BEGIN

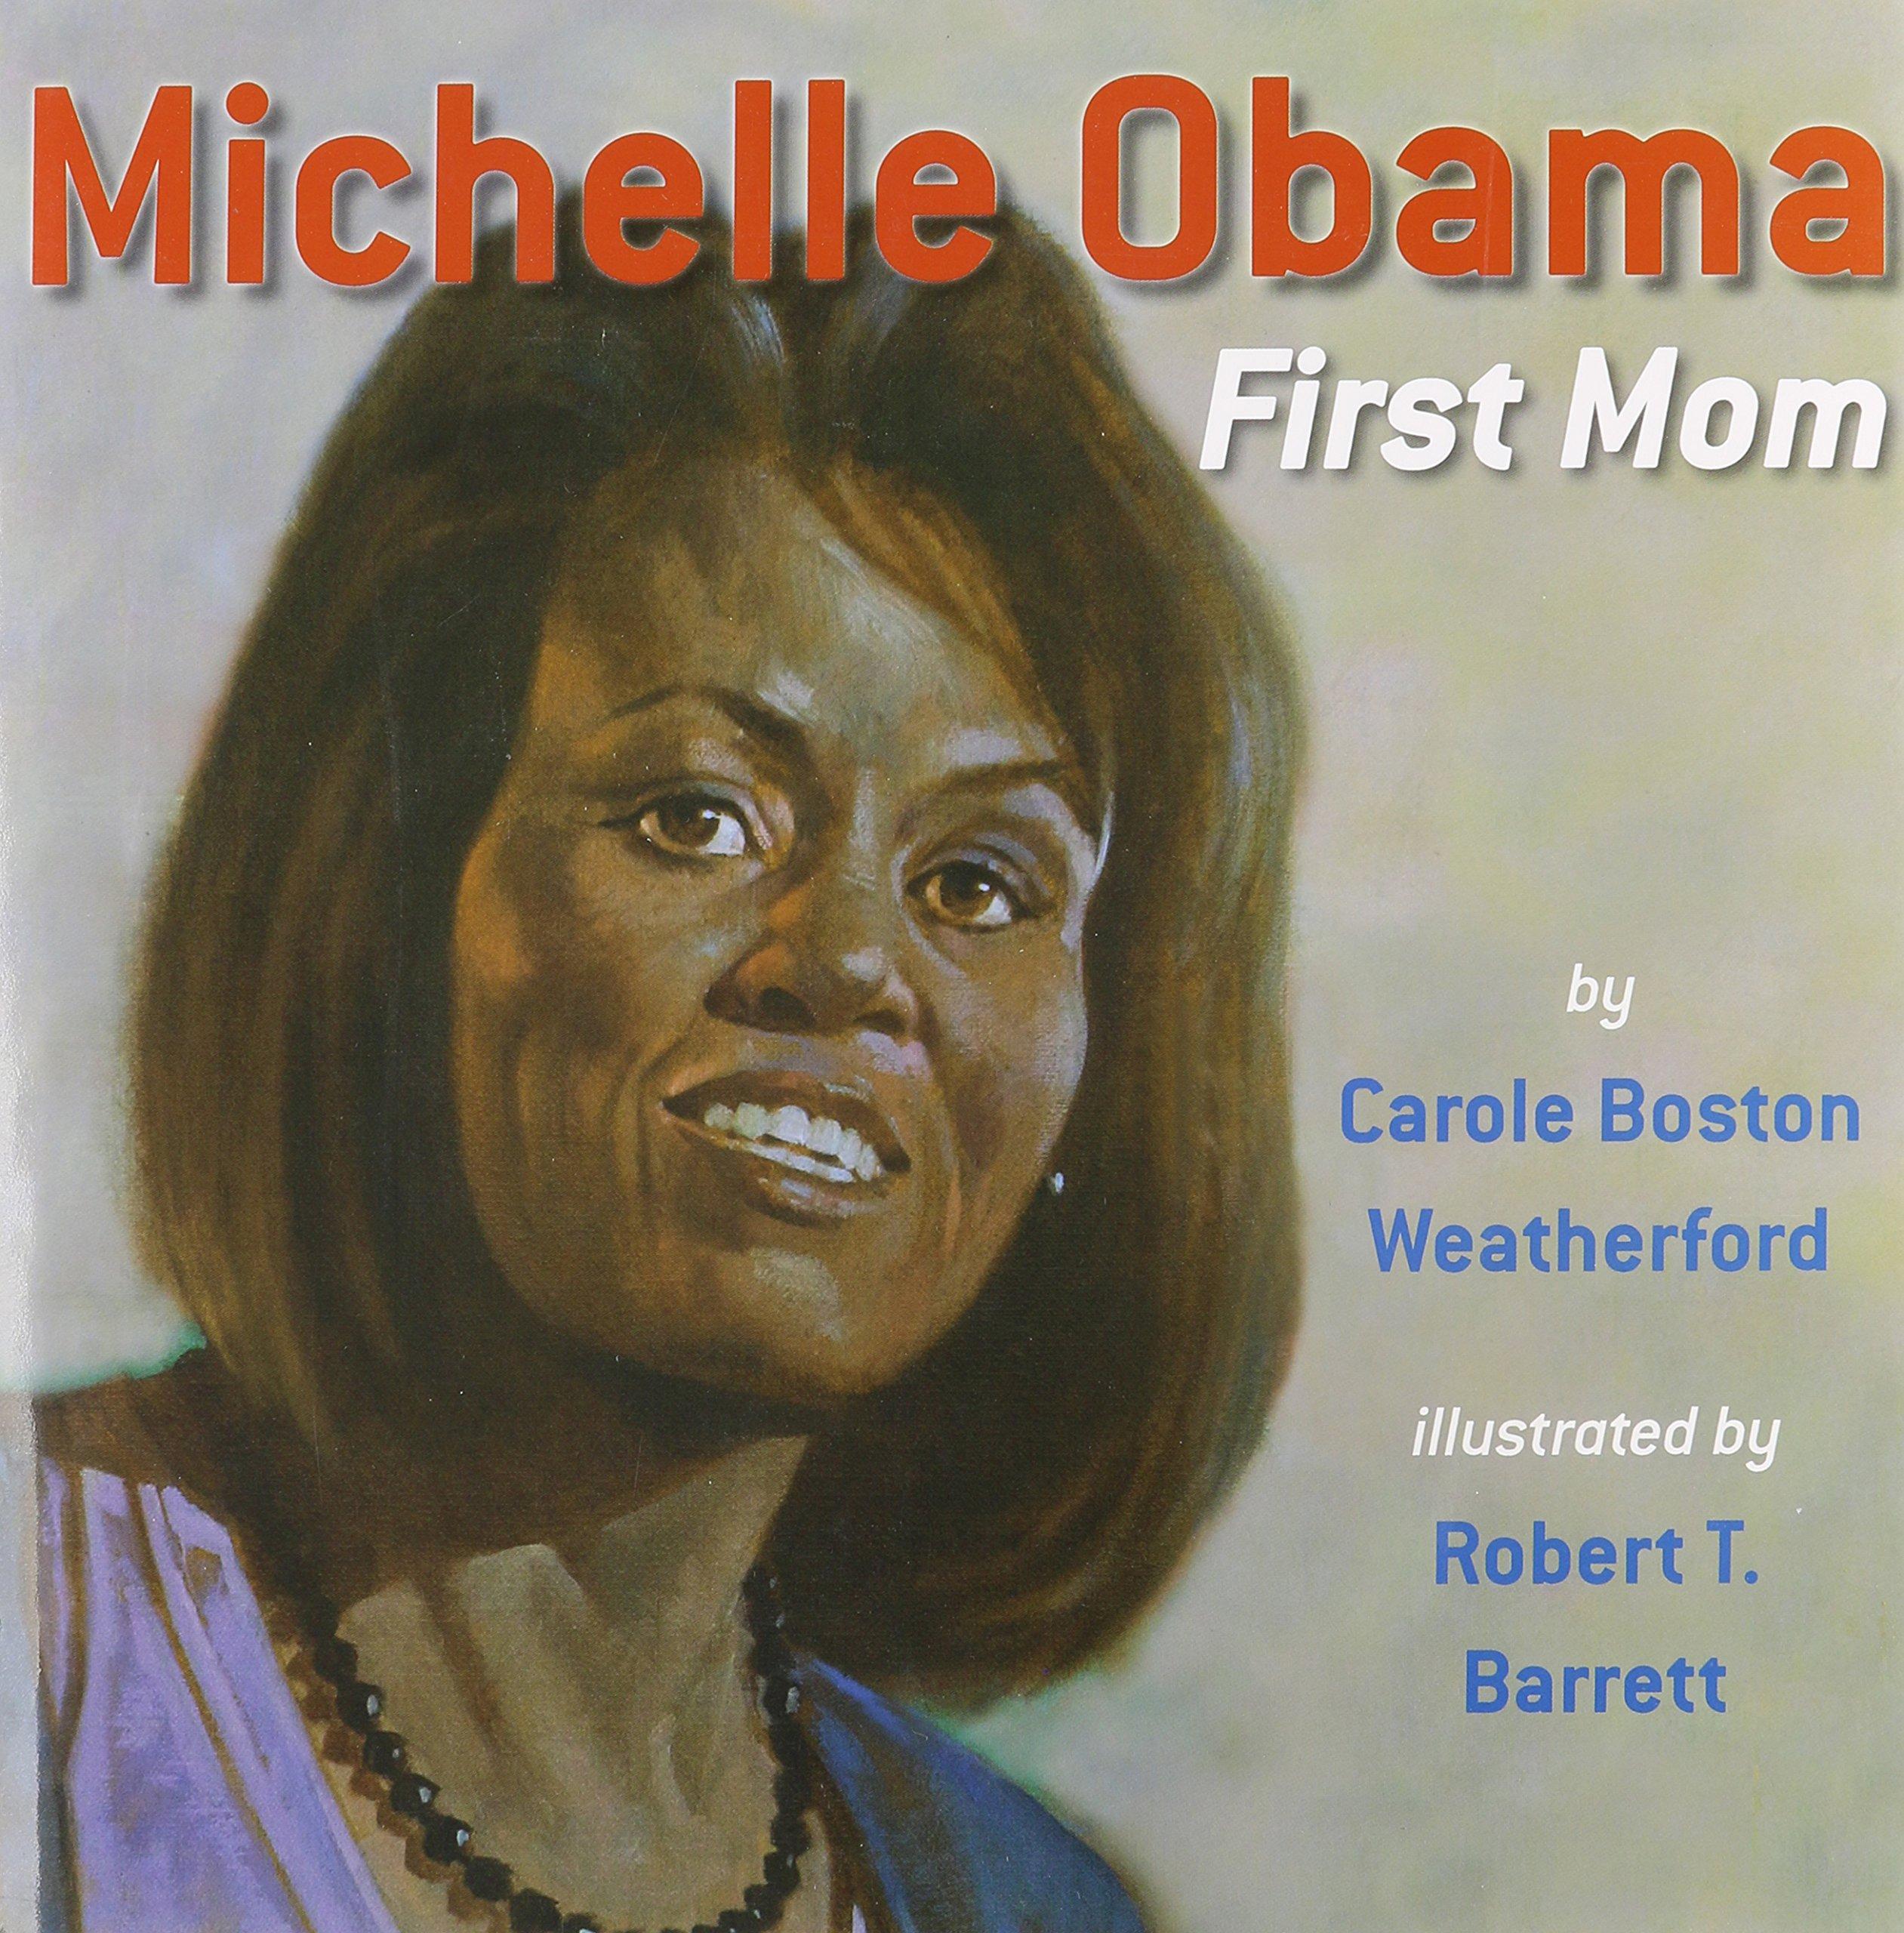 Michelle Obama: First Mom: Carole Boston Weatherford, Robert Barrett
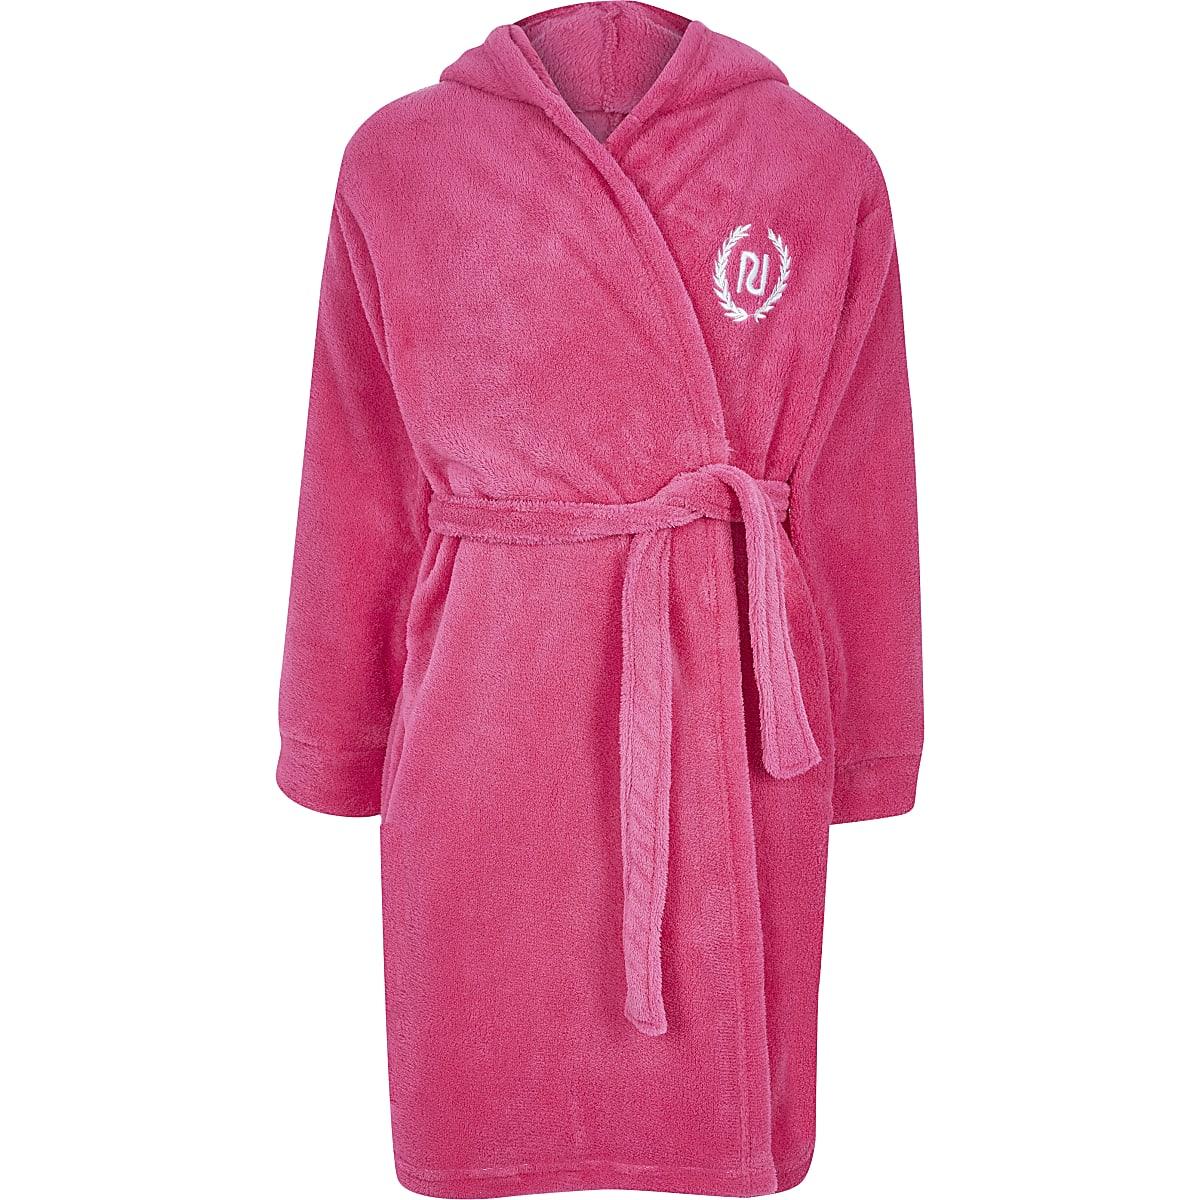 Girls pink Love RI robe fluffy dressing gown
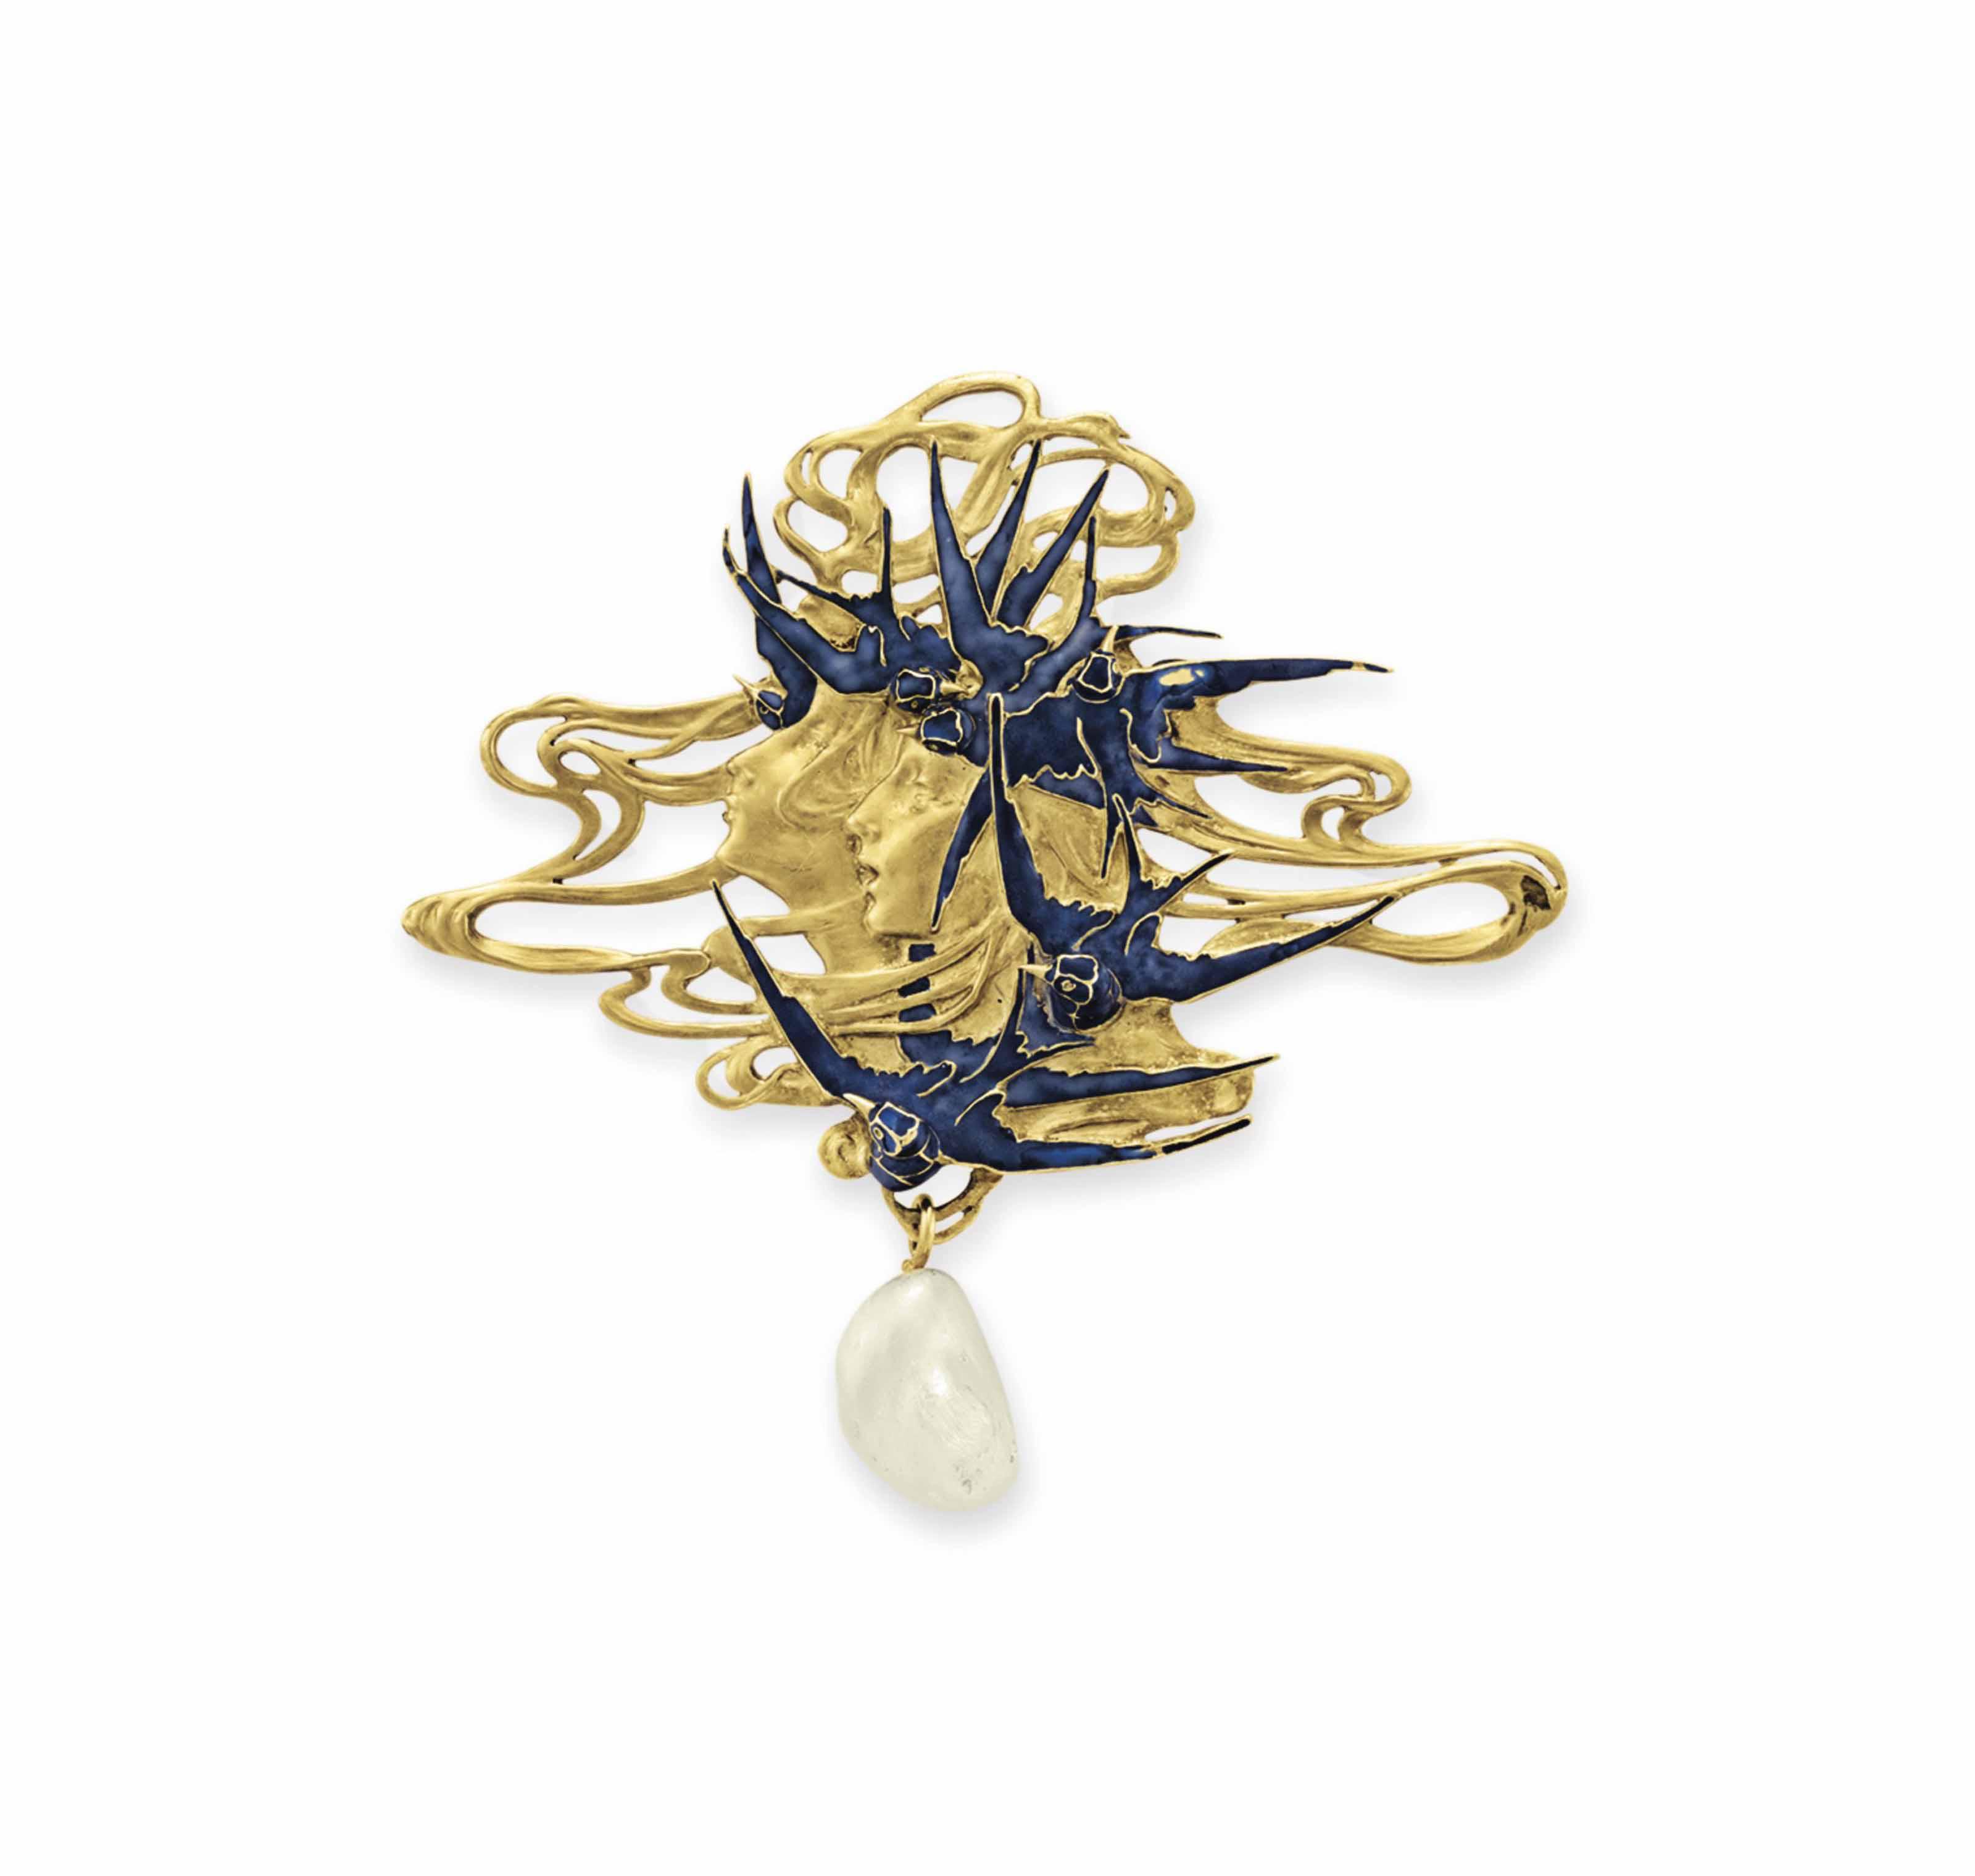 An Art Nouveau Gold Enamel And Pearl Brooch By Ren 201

END

**Work instruction**. An exact copy is needed of the lines running from the one containing "Girls pink Love RI robe fluffy dressing gown" through the last line of the material, and of no others; pictures stay out.

**Response to the task**.
 Girls pink Love RI robe fluffy dressing gown
 An Art Nouveau Gold Enamel And Pearl Brooch By Ren 201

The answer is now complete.